There are really two cardinals relevant to such embeddings: The large cardinal is the critical point of $j$, often denoted $\mathrm{crit}(j)$ or sometimes $\kappa_0$, and the other (not quite so large) cardinal is $\lambda$. In order to emphasize the two cardinals, the axiom is sometimes written as $E(\kappa,\lambda)$ (or $\text{I3}(\kappa,\lambda)$, etc.) as in [1]. The cardinal $\lambda$ is determined by defining the critical sequence of $j$. Set $\kappa_0 = \mathrm{crit}(j)$ and $\kappa_{n+1}=j(\kappa_n)$. Then $\lambda = \sup \langle \kappa_n : n <\omega\rangle$ and is the first fixed point of $j$ that occurs above $\kappa_0$. Note that, unlike many of the other large cardinals appearing in the literature, the ordinal $\lambda$ is not the target of the critical point; it is the $\omega^{th}$ $j$-iterate of the critical point.
As a result of the strong closure properties of rank into rank embeddings, their critical points are huge and in fact $n$-huge for every $n$. This aspect of the large cardinal property is often called $\omega$-hugeness and the term $\omega$-huge cardinal is sometimes used to refer to the critical point of some rank into rank embedding.
Contents
The $\text{I3}$ Axiom and Natural Strengthenings
The $\text{I3}$ axiom asserts, generally, that there is some embedding $j:V_\lambda\to V_\lambda$. $\text{I3}$ is also denoted as $\mathcal{E}(V_\lambda)\neq\emptyset$ where $\mathcal{E}(V_\lambda)$ is the set of all elementary embeddings from $V_\lambda$ to $V_\lambda$, or sometimes even $\text{I3}(\kappa,\lambda)$ when mention of the relevant cardinals is necessary. In its general form, the axiom asserts that the embedding preserves all first-order structure but fails to specify how much second-order structure is preserved by the embedding. The case that no second-order structure is preserved is also sometimes denoted by $\text{I3}$. In this specific case $\text{I3}$ denotes the weakest kind of rank into rank embedding and so the $\text{I3}$ notation for the axiom is somewhat ambiguous. To eliminate this ambiguity we say $j$ is $E_0(\lambda)$ when $j$ preserves only first-order structure.

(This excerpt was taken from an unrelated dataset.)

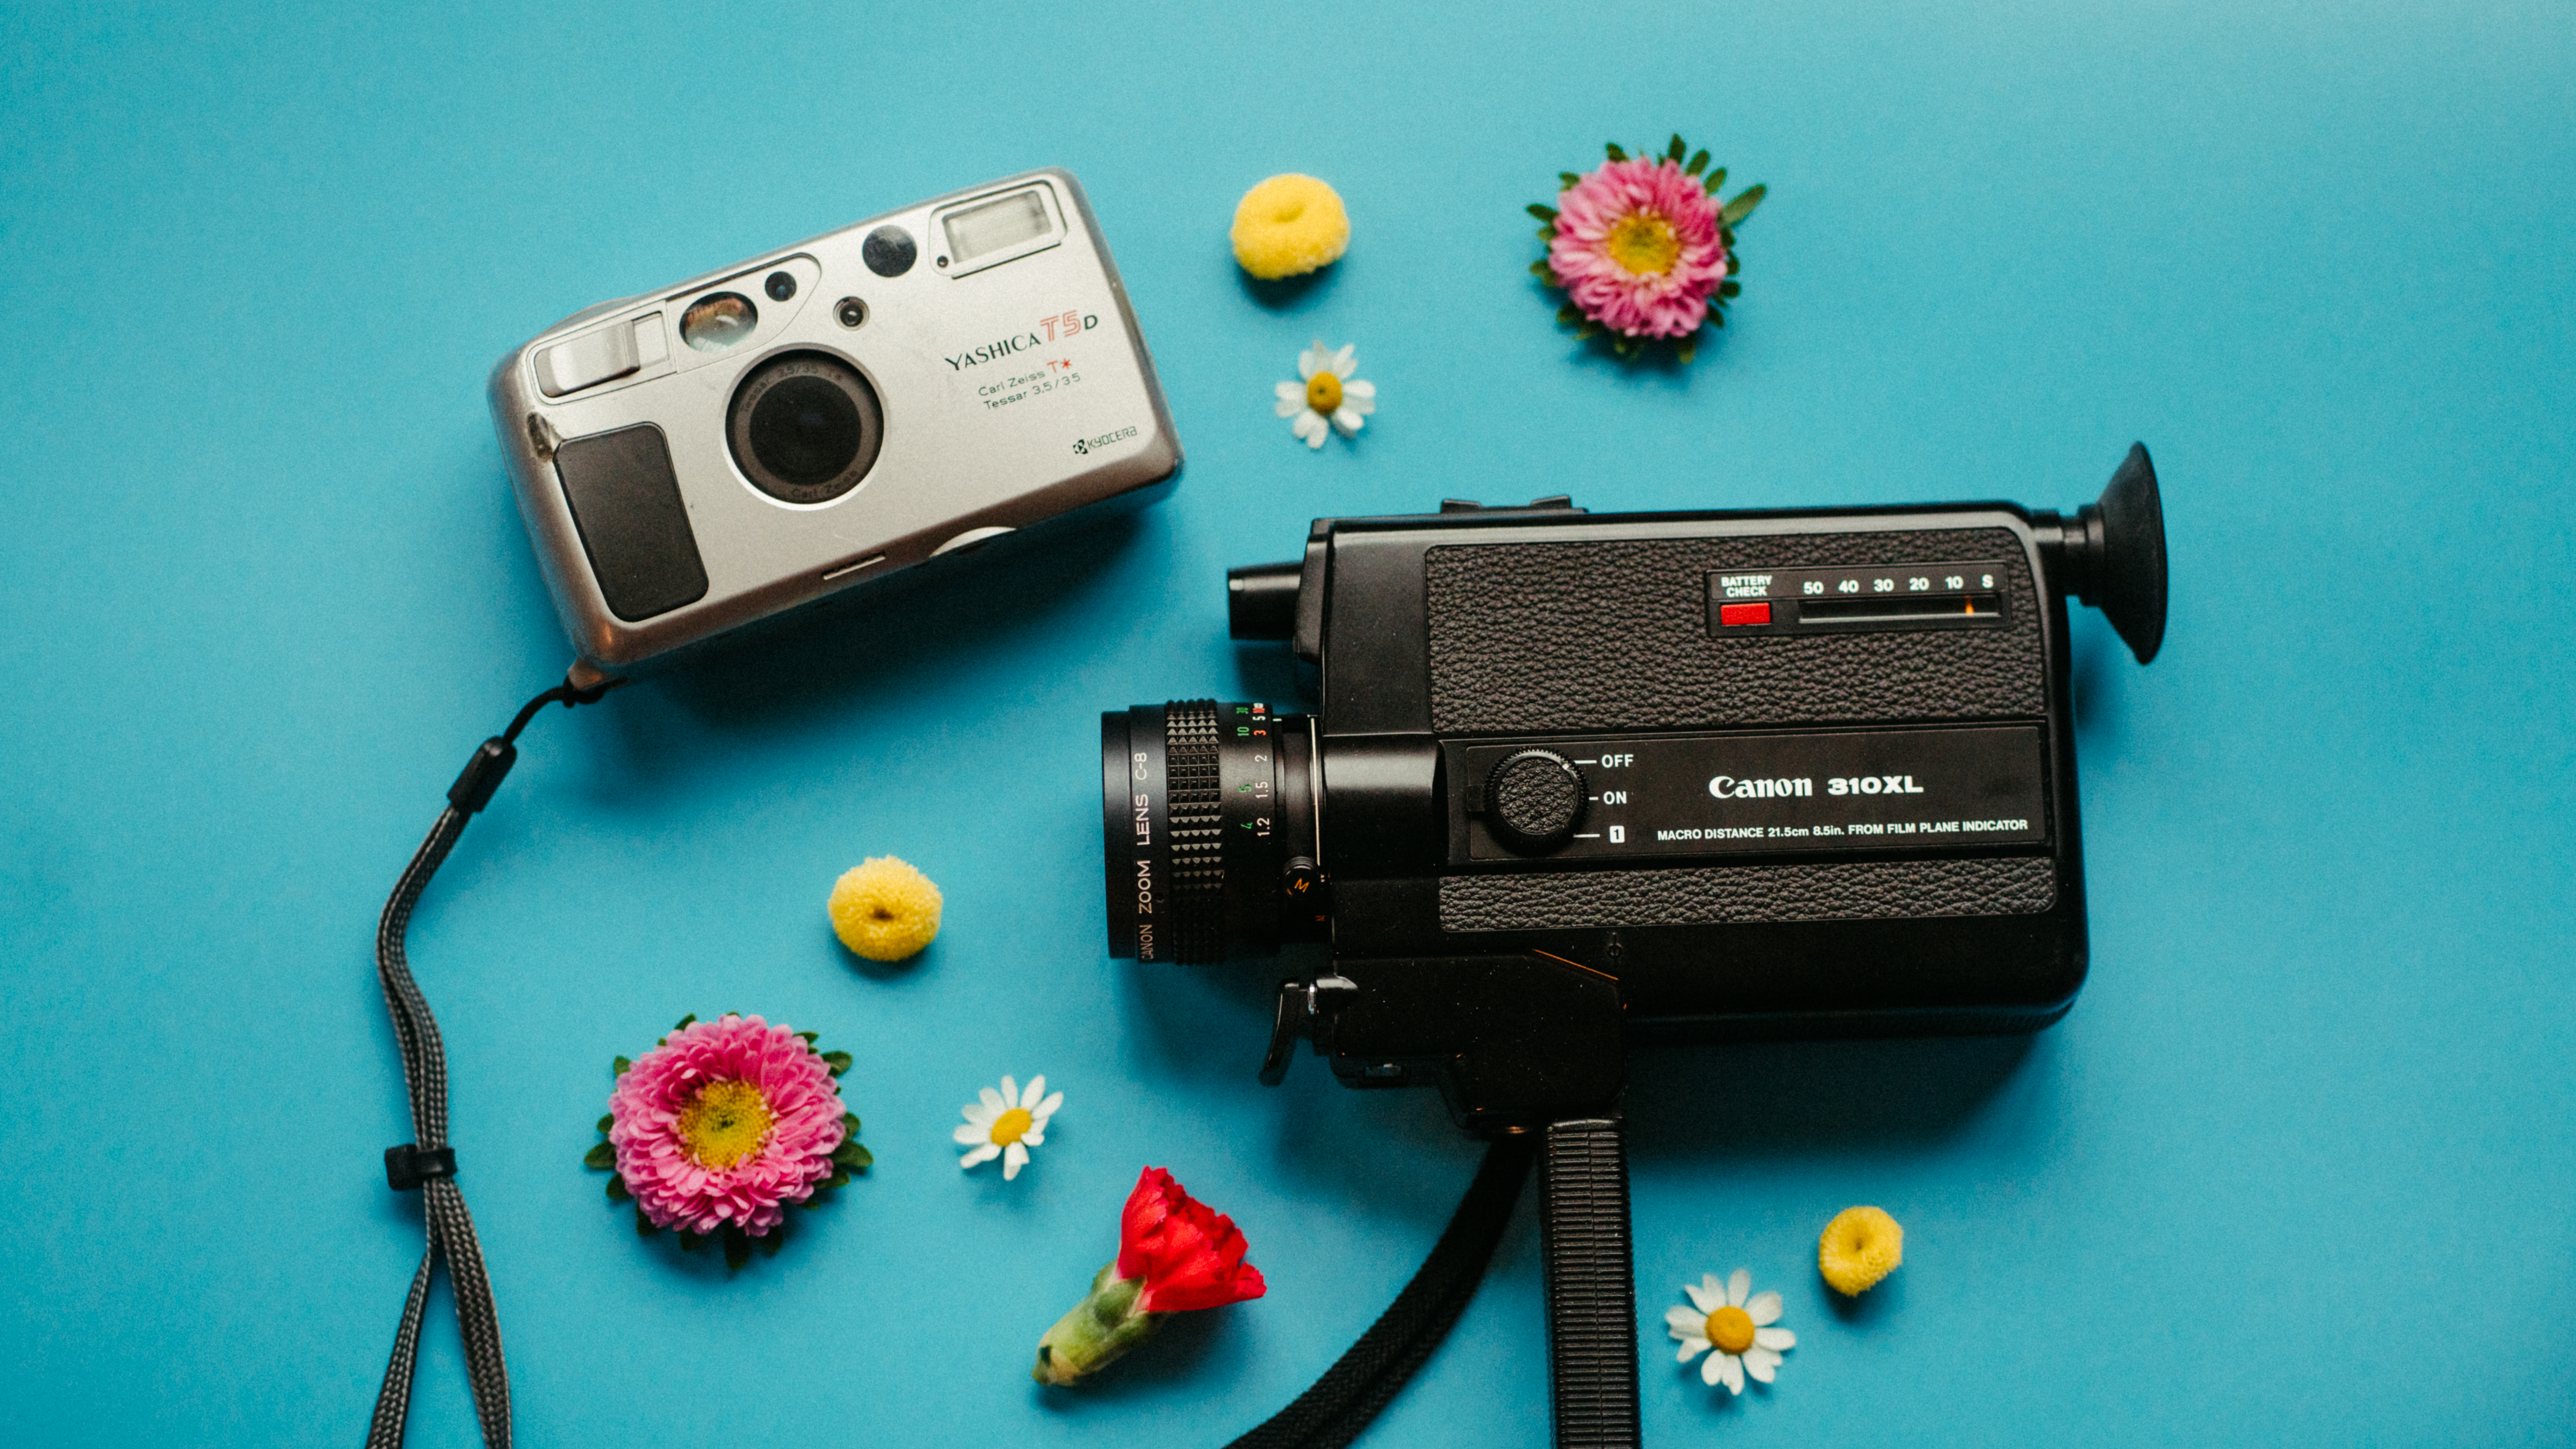 A vintage camera and super 8 camcorder sit on a blue background surrounded by flowers

The axiom can be strengthened and refined in a natural way by asserting that various degrees of second-order correctness are preserved by the embeddings. A rank into rank embedding $j$ is said to be $\Sigma^1_n$ or $\Sigma^1_n$ correct if, for every $\Sigma^1_n$ formula $\Phi$ and $A\subseteq V_\lambda$ the elementary schema holds for $j,\Phi$, and $A$: $$V_\lambda\models\Phi(A) \Leftrightarrow V_\lambda\models\Phi(j(A)).$$ The more specific axiom $E_n(\lambda)$ asserts that some $j\in\mathcal{E}(V_\lambda)$ is $\Sigma^1_{2n}$.
The “$2n$” subscript in the axiom $E_n(\lambda)$ is incorporated so that the axioms $E_m(\lambda)$ and $E_n(\lambda)$ where $m<n$ are strictly increasing in strength. This is somewhat subtle. For $n$ odd, $j$ is $\Sigma^1_n$ if and only if $j$ is $\Sigma^1_{n+1}$. However, for $n$ even, $j$ being $\Sigma^1_{n+1}$ is significantly stronger than a $j$ being $\Sigma^1_n$[2].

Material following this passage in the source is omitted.